It seems like the first year is the most difficult. There have so many firsts without Mike. Halloween. Thanksgiving. His Birthday – that day felt really empty. Christmas. New Year’s. Valentine’s Day. I thought about him a lot. He made a big deal of Valentine’s Day. He surprised me each year with a special gift and card. I’d never had a man be so thoughtful and loving with this holiday. Easter. Our wedding anniversary – I wrote April 6th for two days in a row until I realized why. I had forgotten our anniversary a couple times before. I was always happy he remembered it. Much harder was April 21st – six months since Mike departed this life experience. Every time I thought of this, tears sprung to my eyes. It seemed like it had been so recently and yet, so long ago. I couldn’t really write about it till now.

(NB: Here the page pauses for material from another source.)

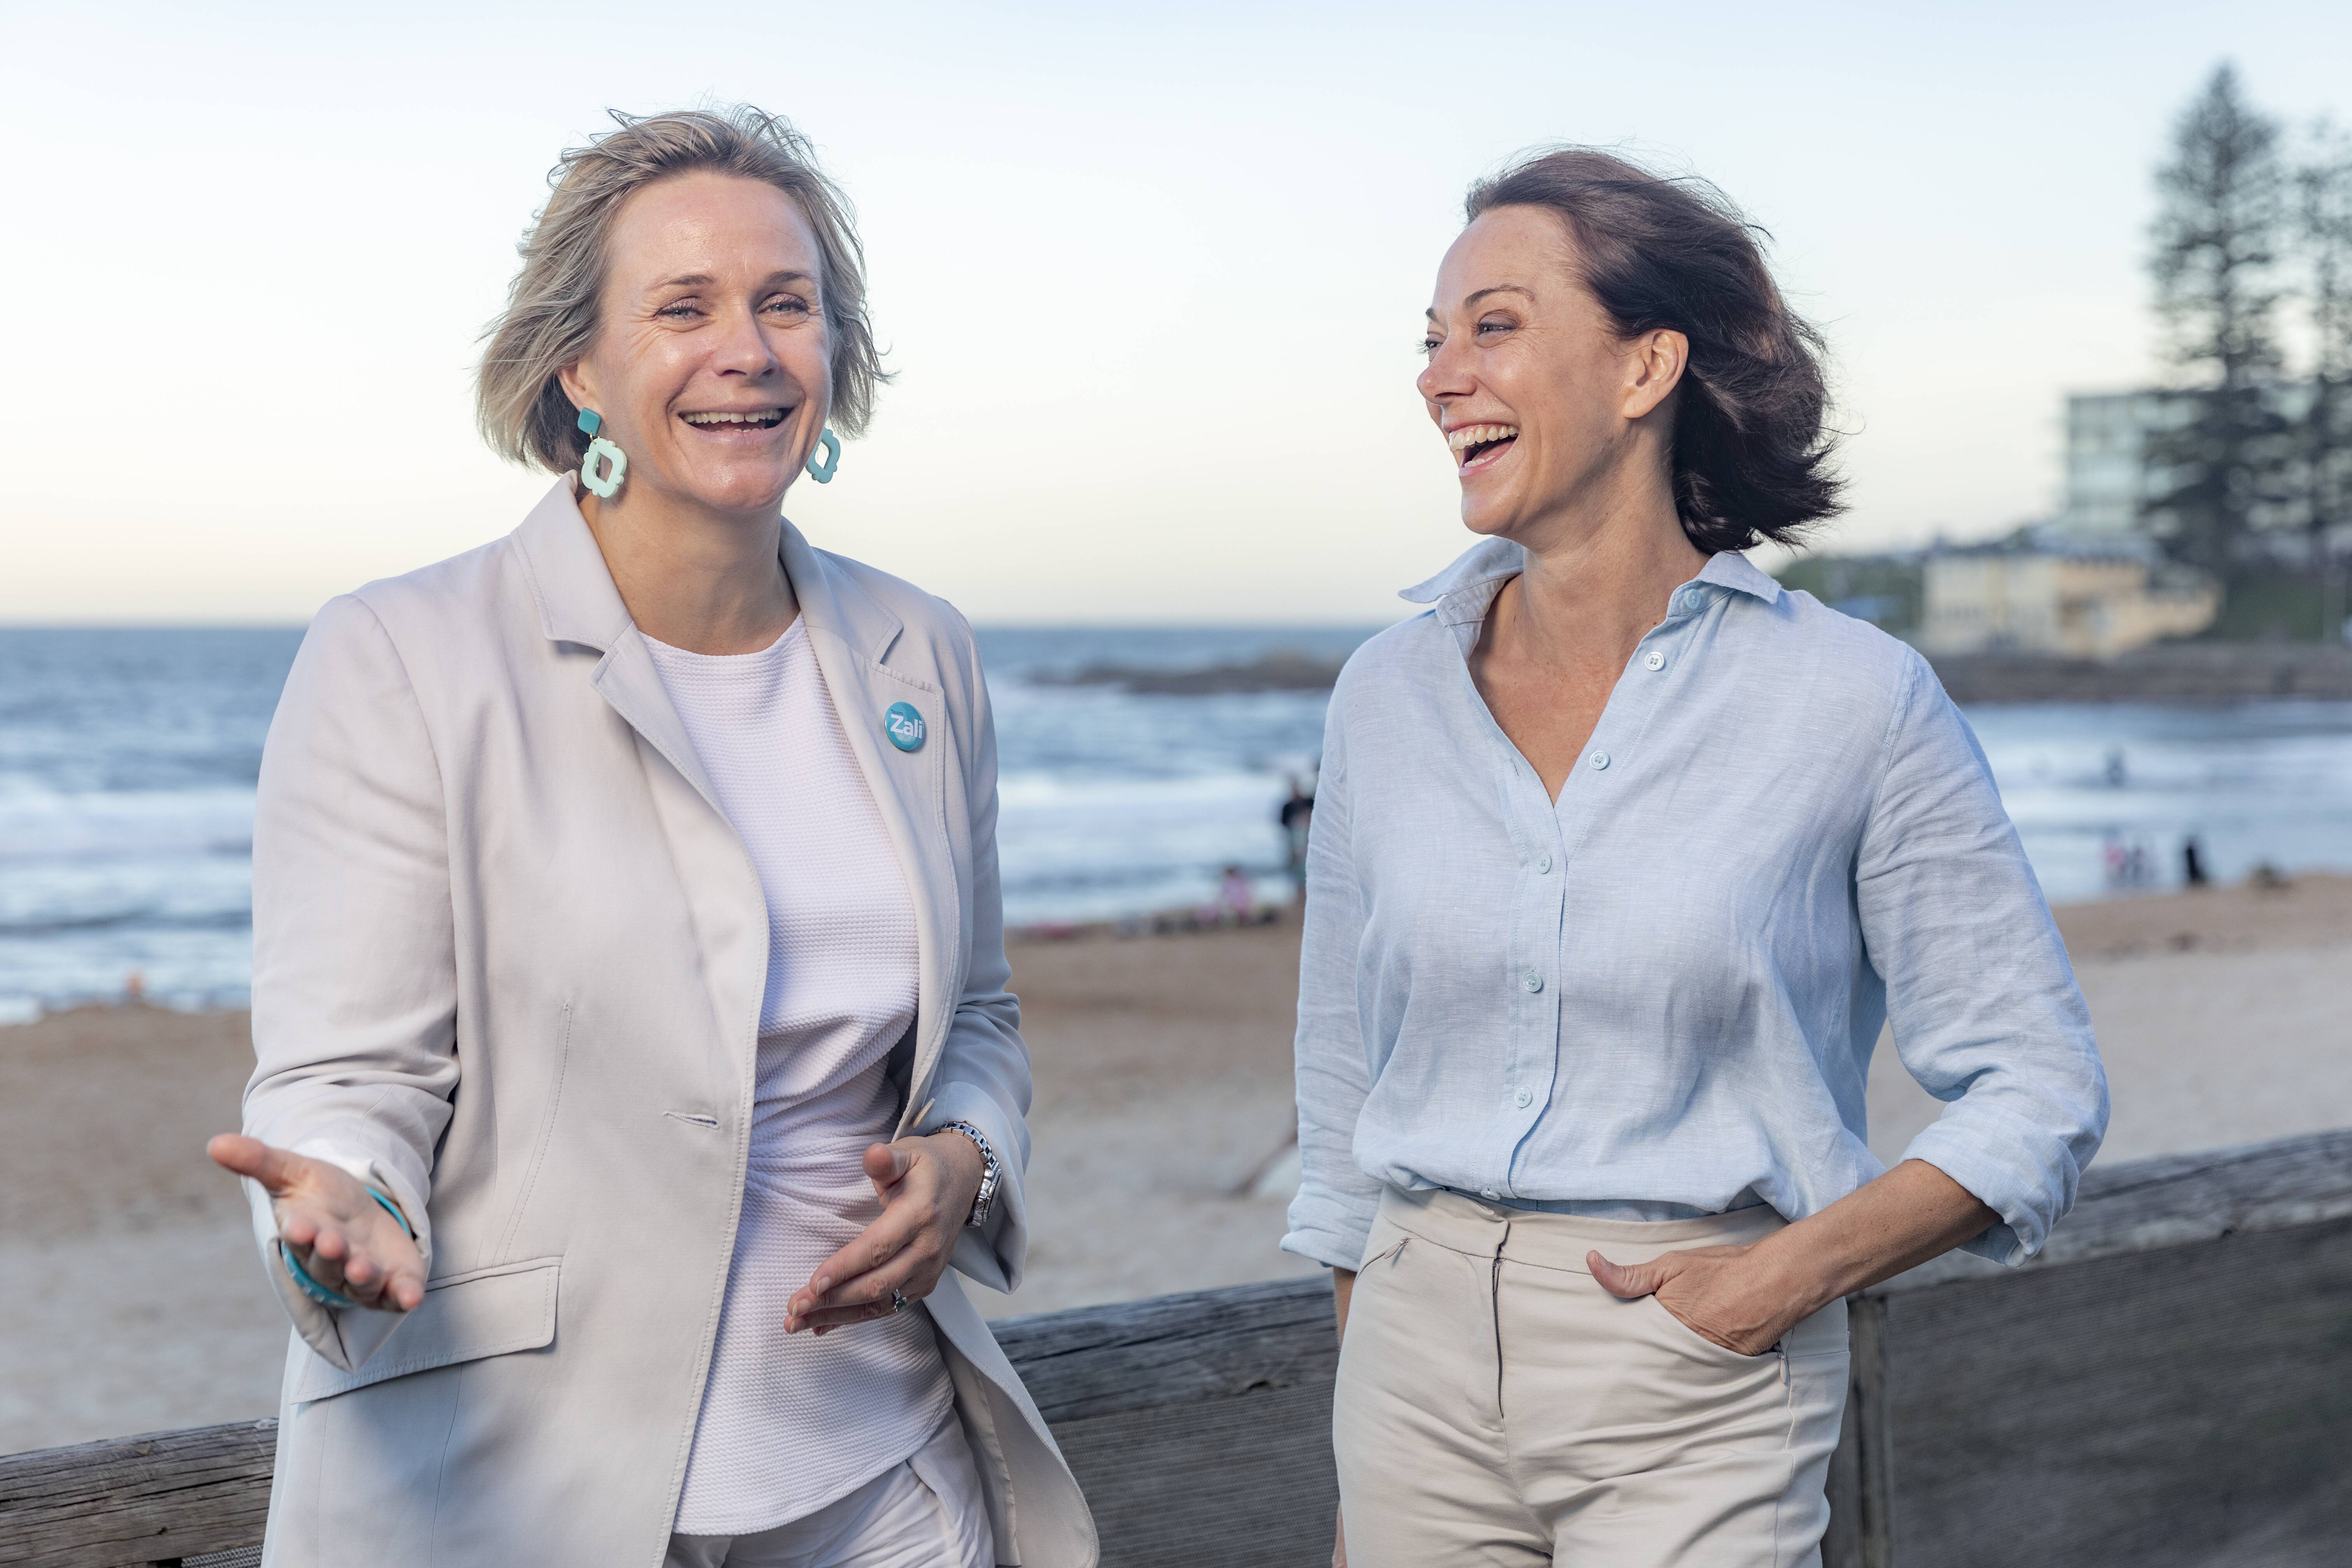 Federal election: Northern beaches is seeing a rise of the

This timeframe feels like a milestone in accepting the reality that Mike’s not here. I keep reflecting on Joan Didion’s book, The Year of Magical Thinking. It took a year for her to really accept – or begin to accept – that her husband was gone. More holidays and remembrances to come. Memorial Day. Fourth of July – last year we were at Dillon Beach, as usual. My girlfriend and I and our daughters have been going every year for ten years. It was so wonderful to have Mike there, too. We all had so much fun. I know I will miss him being there this year.
At first, it felt uncomfortable driving Mike’s Mini Cooper. It smells like Mike, my daughter said. It did. I felt like I was surrounded by him. He loved his Mini. Years ago, I read that items that are well loved, hold that love energy and you can feel that attraction, that love. I have experienced this with rings – my mother’s, my grandmothers’, and Mike’s mother’s – and with the Mini. I’m driving it more now. The scent is beginning to fade, or perhaps, I’m getting more used to it.
Oh my sweet Marinda, in reading this I cry too and remember our time at Dillion and how Mike was such a welcome addition to our all women’s group. Such loving energy and those great eggs! Keep on healing my friend.